Мемуары русского художника, мастера городского пейзажа, участника творческого объединения «Мир искусства», художественного критика.


Северный модерн: образ, символ, знак

В книге рассказывается об интересных особенностях монументального декора на фасадах жилых и общественных зданий в Петербурге, Хельсинки и Риге. Автор привлекает широкий культурологический материал, позволяющий глубже окунуться в эпоху модерна. Издание предназначено как для специалистов-искусствоведов, так и для широкого круга читателей.


Любовь и секс в Средние века

Средневековье — эпоха контрастов, противоречий и больших перемен. Но что думали и как чувствовали люди, жившие в те времена? Чем были для них любовь, нежность, сексуальность? Неужели наше отношение к интимной стороне жизни так уж отличается от средневекового? Книга «Любовь и секс в Средние века» дает нам возможность отправиться в путешествие по этому историческому периоду, полному поразительных крайностей. Картина, нарисованная немецким историком Александром Бальхаусом, позволяет взглянуть на личную жизнь европейцев 500-1500 гг.

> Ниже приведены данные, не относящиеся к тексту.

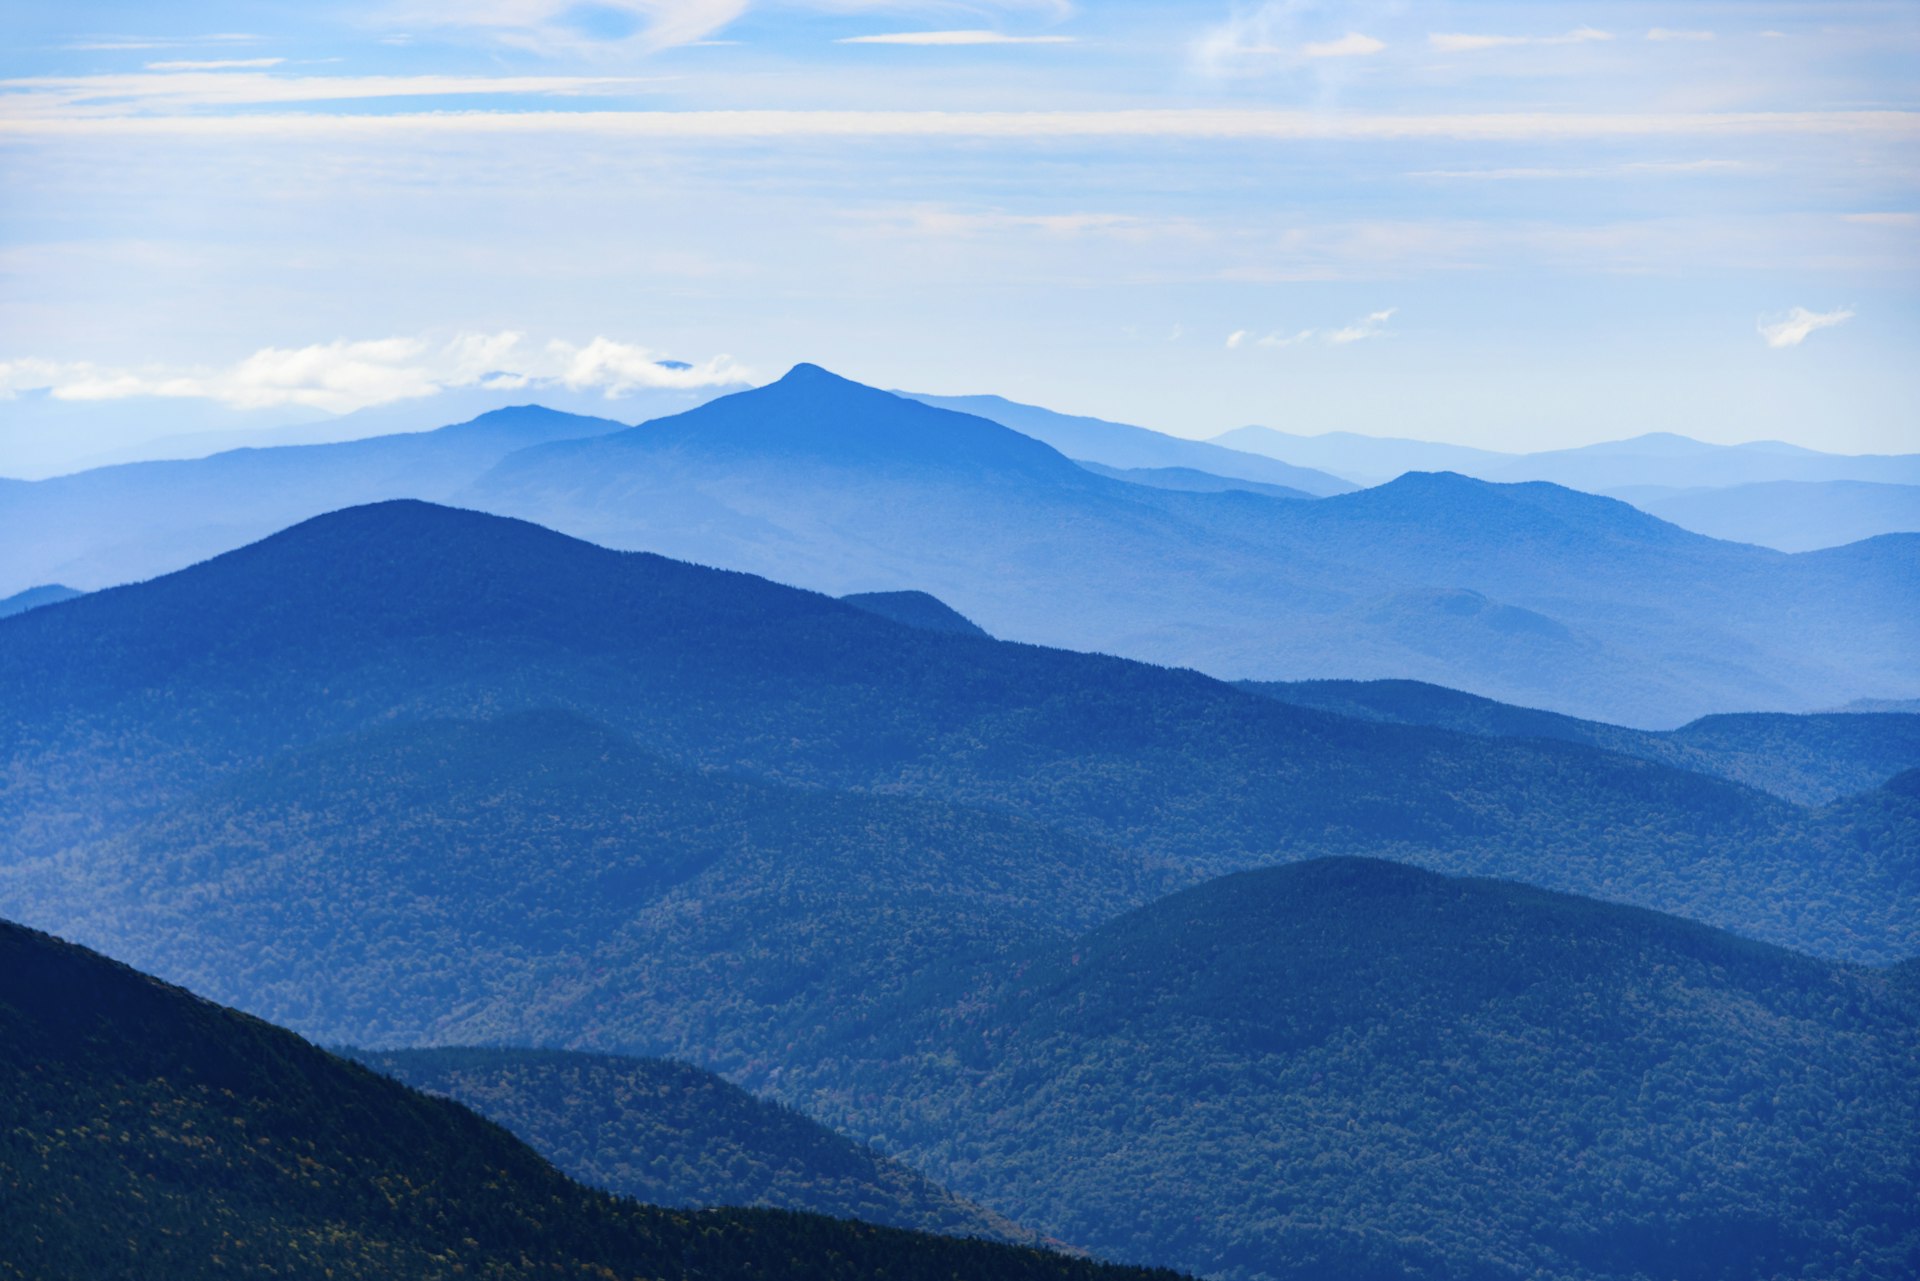 Vermont mountain range seen from the top of Mount Mansfield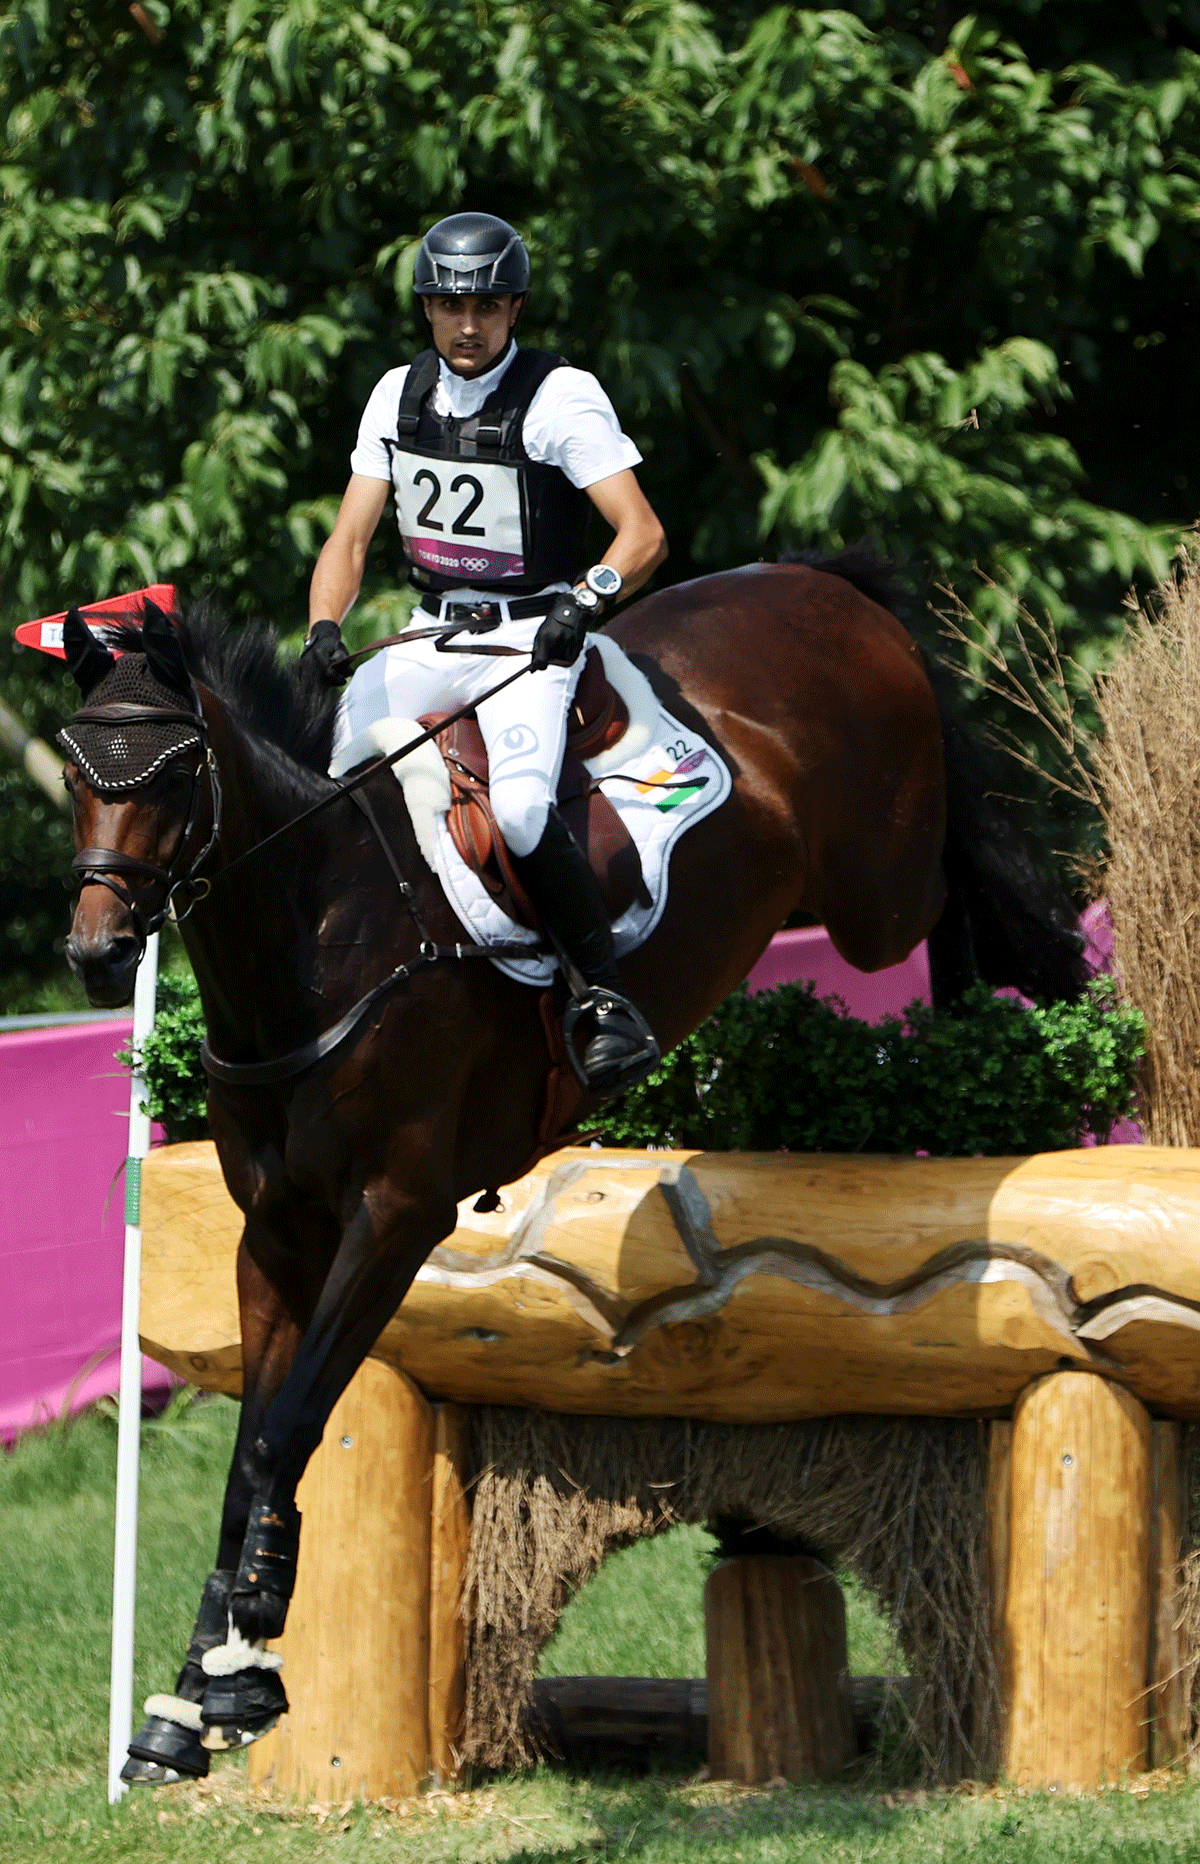 India's Fouaad Mirza and his horse Seigneur compete in the  Eventing Cross Country Individual final on Sunday

Искусство провокации. Как толкали на преступления, пьянствовали и оправдывали разврат в Британии эпохи Возрождения

В каждой эпохе среди правителей и простых людей всегда попадались провокаторы и подлецы – те, кто нарушал правила и показывал людям дурной пример. И, по мнению автора, именно их поведение дает ключ к пониманию того, как функционирует наше общество. Эта книга – блестящее и увлекательное исследование мира эпохи Тюдоров и Стюартов, в котором вы найдете ответы на самые неожиданные вопросы: Как подобрать идеальное оскорбление, чтобы создать проблемы себе и окружающим? Почему цитирование Шекспира может оказаться не только неуместным, но и совершенно неприемлемым? Как оттолкнуть от себя человека, просто показав ему изнанку своей шляпы? Какие способы издевательств над проповедником, солдатом или просто соседом окажутся самыми лучшими? Окунитесь в дерзкий мир Елизаветинской Англии!


Категории русской средневековой культуры

В монографии изучается культура как смыслополагание человека. Выделяются основные категории — самоосновы этого смыслополагания, которые позволяют увидеть своеобразный и неповторимый мир русского средневекового человека. Книга рассчитана на историков-профессионалов, студентов старших курсов гуманитарных факультетов институтов и университетов, а также на учителей средних специальных заведений и всех, кто специально интересуется культурным прошлым нашей Родины.


Из книги 'Создатель'

В книге рассказывается история главного героя, который сталкивается с различными проблемами и препятствиями на протяжении всего своего путешествия. По пути он встречает множество второстепенных персонажей, которые играют важные роли в истории. Благодаря опыту главного героя книга исследует такие темы, как любовь, потеря, надежда и стойкость. По мере того, как главный герой преодолевает свои трудности, он усваивает ценные уроки жизни и растет как личность.


Золото тигров

В книге рассказывается история главного героя, который сталкивается с различными проблемами и препятствиями на протяжении всего своего путешествия. По пути он встречает множество второстепенных персонажей, которые играют важные роли в истории. Благодаря опыту главного героя книга исследует такие темы, как любовь, потеря, надежда и стойкость. По мере того, как главный герой преодолевает свои трудности, он усваивает ценные уроки жизни и растет как личность.


Сообщение Броуди

Авторский сборник, 1970.


Коллекция

В книге рассказывается история главного героя, который сталкивается с различными проблемами и препятствиями на протяжении всего своего путешествия. По пути он встречает множество второстепенных персонажей, которые играют важные роли в истории. Благодаря опыту главного героя книга исследует такие темы, как любовь, потеря, надежда и стойкость. По мере того, как главный герой преодолевает свои трудности, он усваивает ценные уроки жизни и растет как личность.